In curbing inflation, the CBN’s increase of CRR forces the banks to have less money for lending. In turn, banks would need to increase lending rates to maintain profit margins. With banks increasing interest rates, people would be forced to borrow less money. As the interest rate increases money supply reduces and demand goes down dragging inflation along with it.

“The Committee is confident that increasing the CRR at this time is fortuitous as it will help address monetary-induced inflation whilst retaining the benefits from the Bank’s LDR policy, which has been successful in significantly increasing credit to the private sector as well as pushing market interest rates downwards,” said Godwin Emefiele, governor, CBN during the MPC meeting with the press.

The only twist is that the CBN is counting on the deposit money banks (DMBs) to drive its more than 90 million Nigerians financially included by 2024. As part of achieving the target, the CBN has since 2019 mandated DMBs to maintain a 65 percent lending to deposit ratio (LDR) with the objective of forcing banks to lend money to small businesses thereby deepening financial inclusion.

The new decision, however, does not exactly make it easier for banks as increasing the CRR reduces the amount of money in banks which means less money to lend to small businesses.

But Azeez Lawal, an investment banker does not think the LDR will be affected much.

“Deposits of customers with banks are currently estimated to be over N16 trillion and growing, a 5% (500bps) increase in CRR will take less than a trillion naira from the system, as a result, we do not expect the increase in CRR to immediately impact the current status-quo,” Lawal said.

The increase will no doubt affect the way banks approach financial inclusion. Facing reduced cash flow, banks are likely to tune up their drive for deposits from big-ticket customers to meet the new requirement.

Taiwo Obasan, CEO of Fundall told explained that the CRR is a ratio and if it is to be grown, there is a need to increase deposits.

“Here’s a good example, if I’m required to always keep 25 percent of all deposits if I collect N100 billion, that is N75 billion left with me to play with.

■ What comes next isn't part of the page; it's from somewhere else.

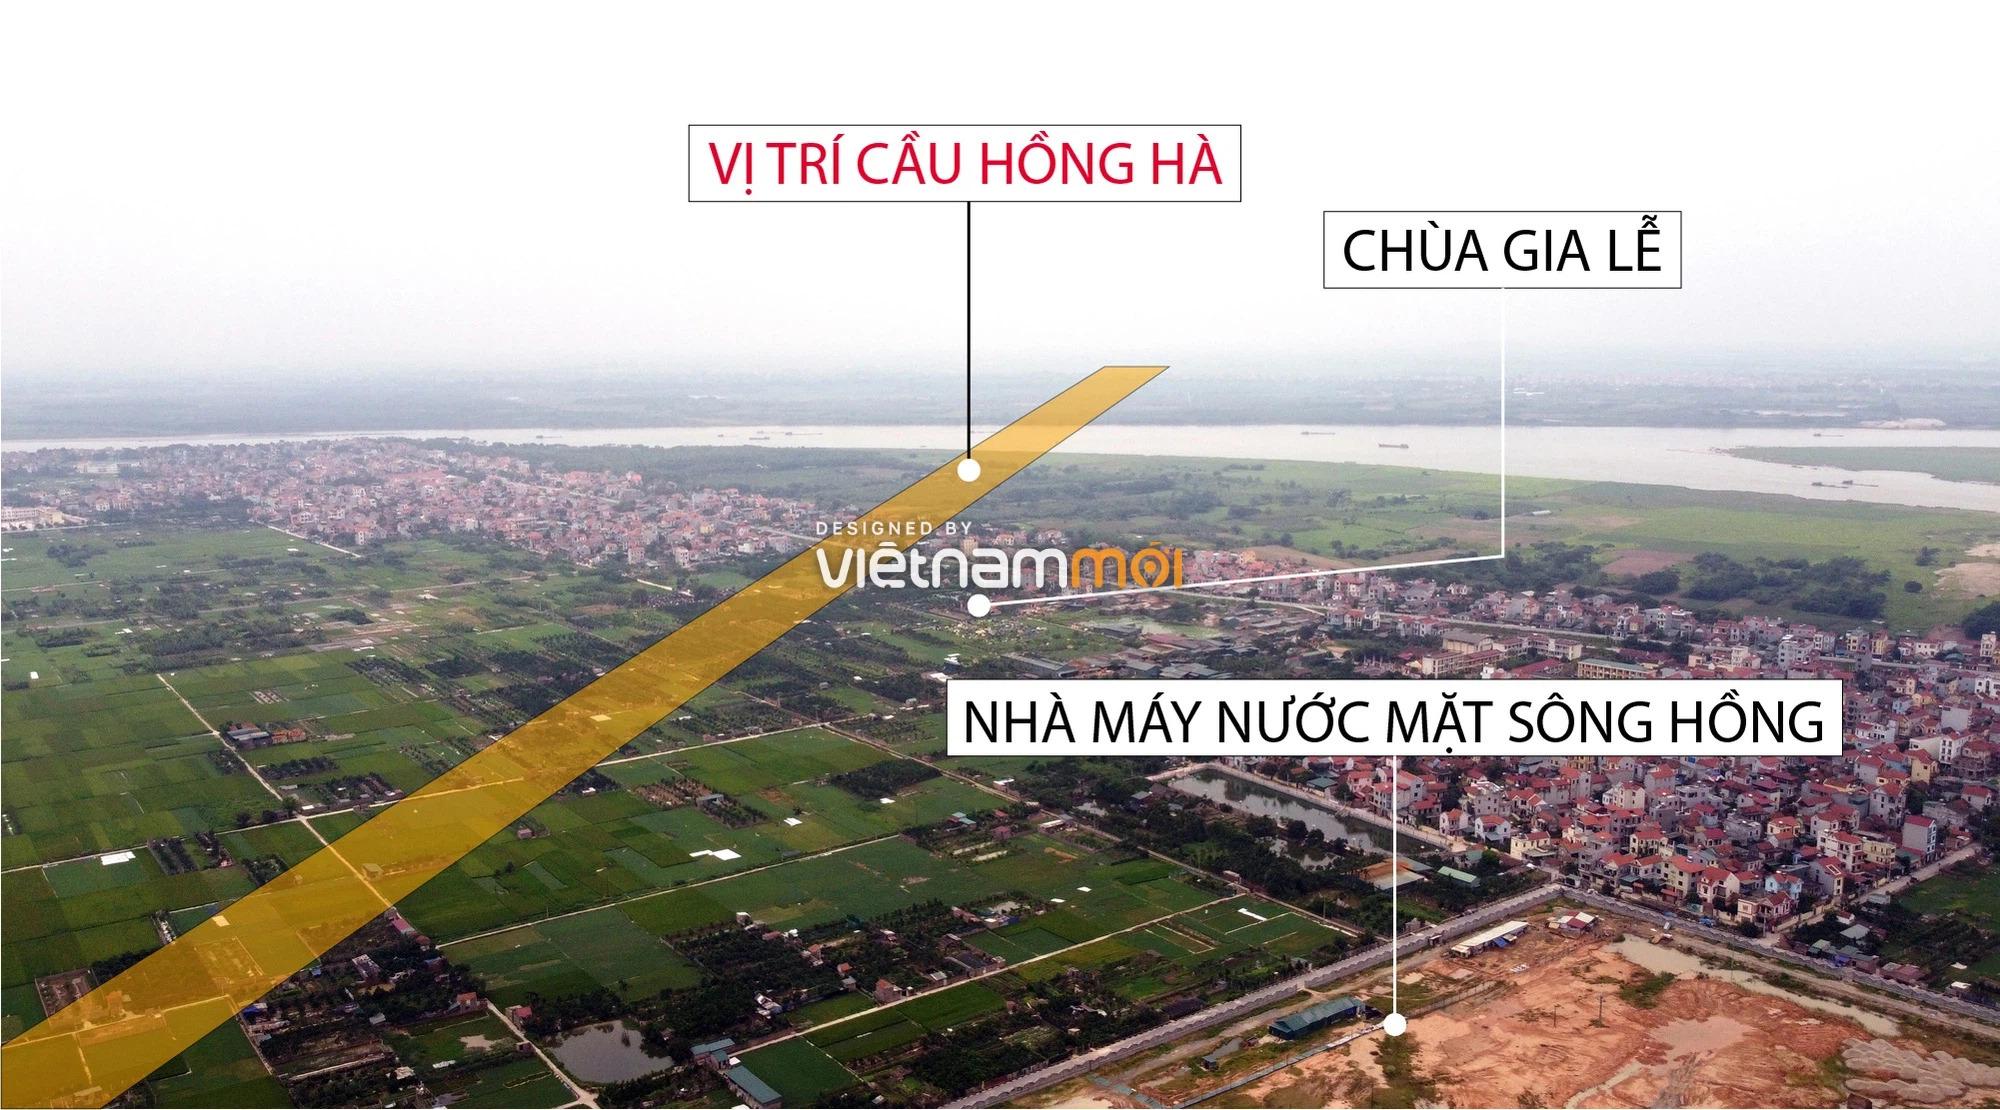 {{Ngoài cầu Trần Hưng Đạo, Hà Nội sẽ xây thêm bao nhiêu cầu vượt sông Hồng? - Ảnh 2.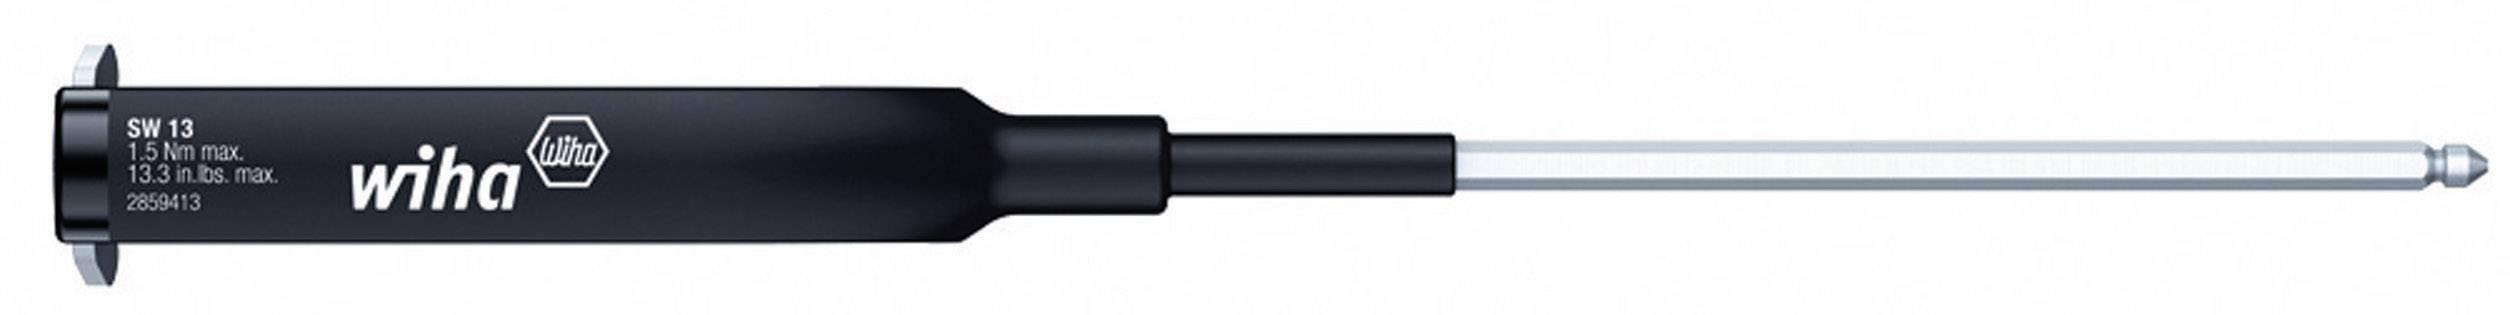 Bit momentového klíče pro kabelové konektory Wiha SW 18

However, if I decide to increase that to N200 billion, I’d be left with N150 billion to play with,” he told BusinessDay.

He added that the single number play will encourage banks to work towards increasing their deposits through induced deposit rate increase or expanding their collection net to include areas, people and demographics without proper banking.

In the long run, more banks are likely to opt for the latter because there is no incentive to increase deposit interest rates due to the current rate crash in treasury bills and bonds. This is partly why banks have become aggressive in offering salary-loans and wooing high networth individuals (HNI) and corporate organisations to take loans for their projects.

“There’s definitely going to be a bullish trend in reaching more people so they can be financially included and banks can collect their deposits however it is not very certain that these people will be able to access loans at a cheaper rate,” Obasan said.

Should the banks be forced to increase lending rates to maintain a profit margin, many small businesses could be discouraged from applying for loans leaving banks once more focusing on more worthy takers. With small businesses financially excluded, fintech companies have a good chance of leading the retail lending space.

Although fintech companies lend at double-digit rates which could be high for startups, Obasan suggests they could leverage technology to reduce operational expenses. While that would help drive down costs, it is doubtful whether the use of technology would make a significant difference. Even with a near hundred percent dependence on technology, some fintech companies still lend for up to 40 to 50 percent while most banks’ maximum lending rate is usually between 20 and 30 percent.

The advantage for fintech is that due to the high demand the mass retail market usually borrows without taking much notice of rates.

“So it’s going to be a good ride for FinTechs hopefully Google and Government doesn’t catch-up,” Obasan said.